INSTRUCTIONS FOR THE TASK
Everything in the data must be repeated exactly, apart from the pictures, which are left out.

DATA BLOCK
------------

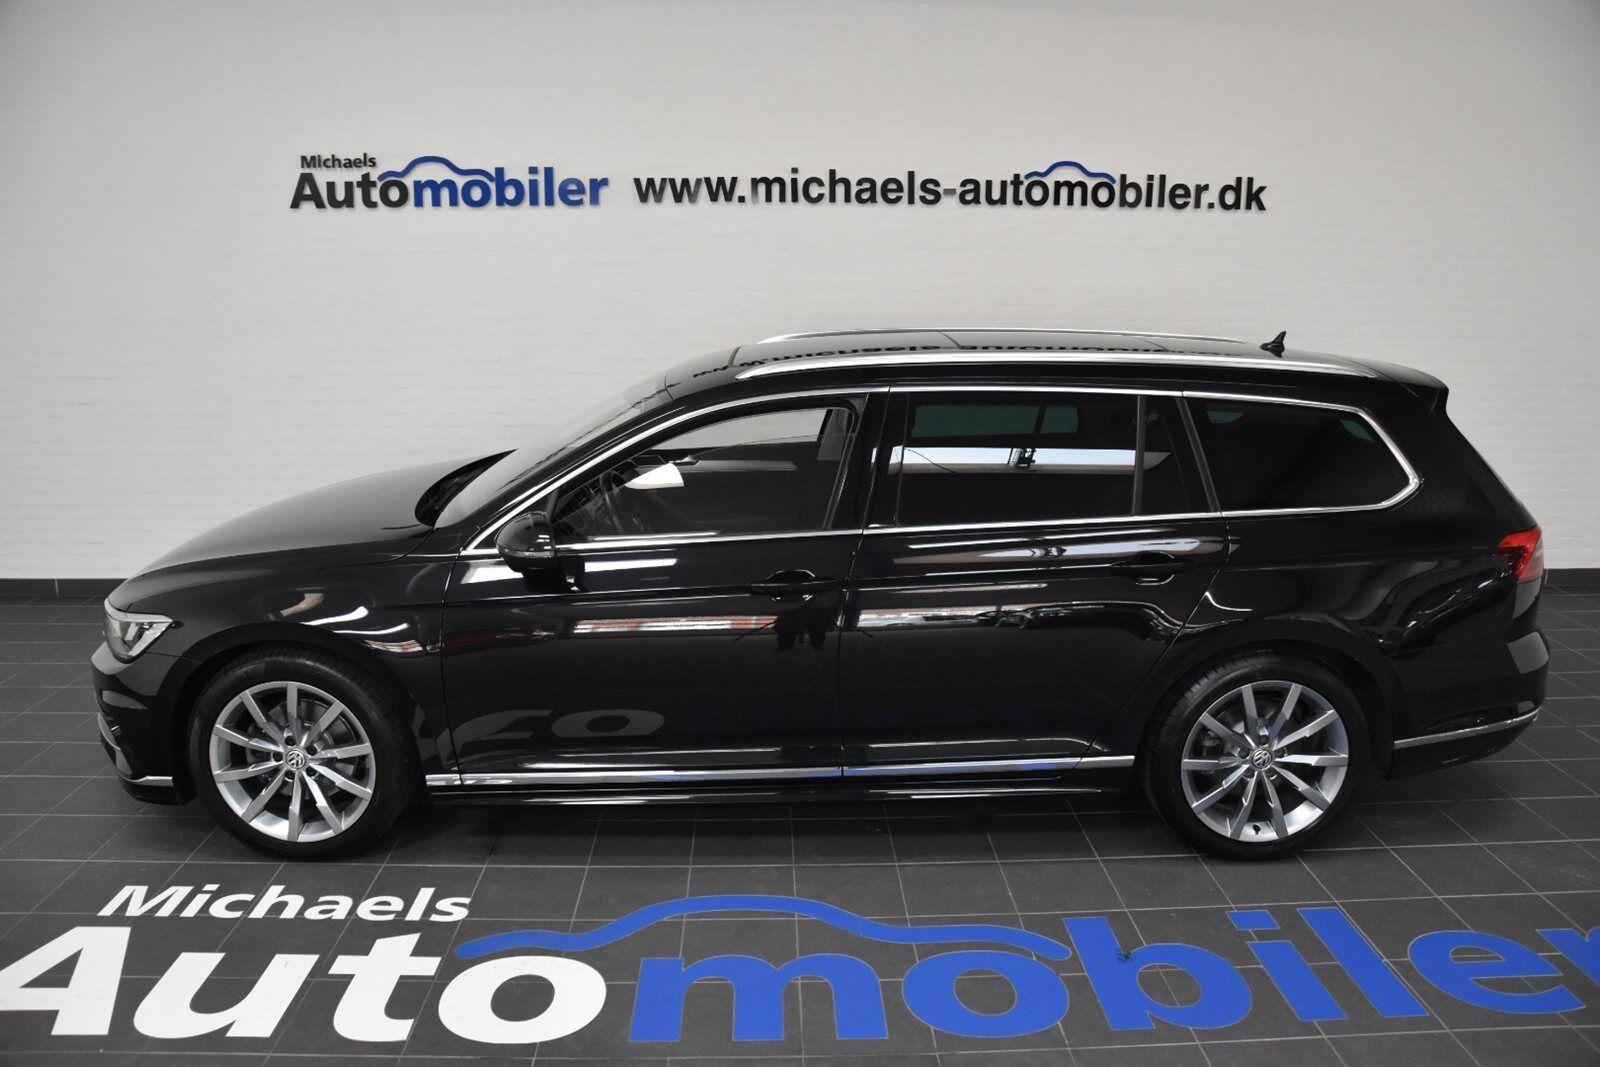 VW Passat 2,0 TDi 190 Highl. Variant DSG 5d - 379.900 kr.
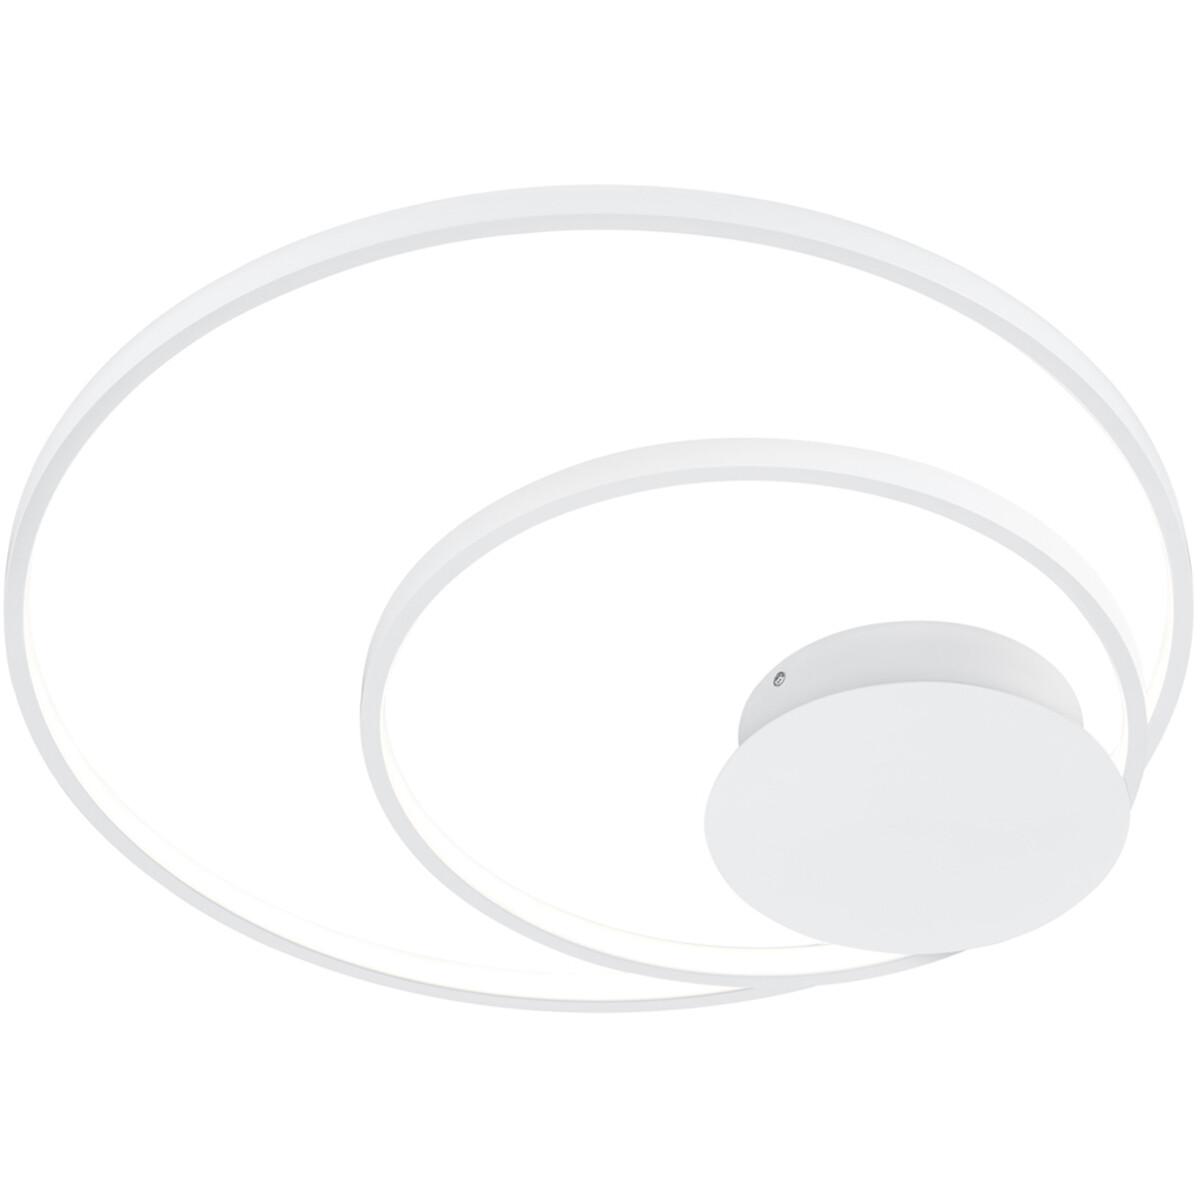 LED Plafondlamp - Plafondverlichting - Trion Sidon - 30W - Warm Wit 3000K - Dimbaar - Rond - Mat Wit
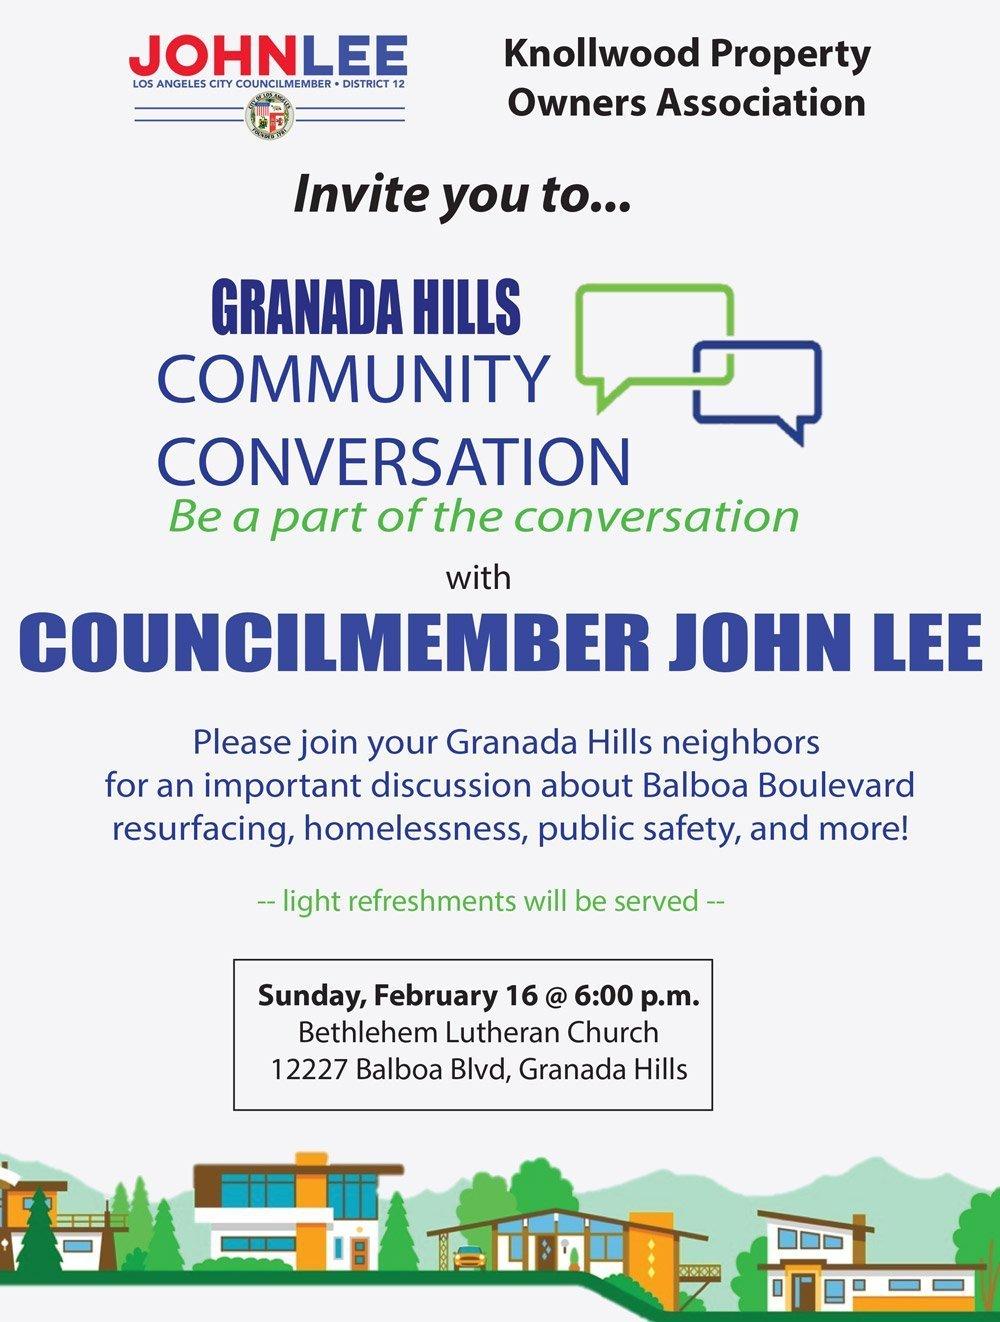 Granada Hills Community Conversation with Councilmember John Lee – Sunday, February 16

------------

REPLY
 VW Passat 2,0 TDi 190 Highl. Variant DSG 5d - 379.900 kr.
 LED Plafondlamp - Plafondverlichting - Trion Sidon - 30W - Warm Wit 3000K - Dimbaar - Rond - Mat Wit
 Granada Hills Community Conversation with Councilmember John Lee – Sunday, February 16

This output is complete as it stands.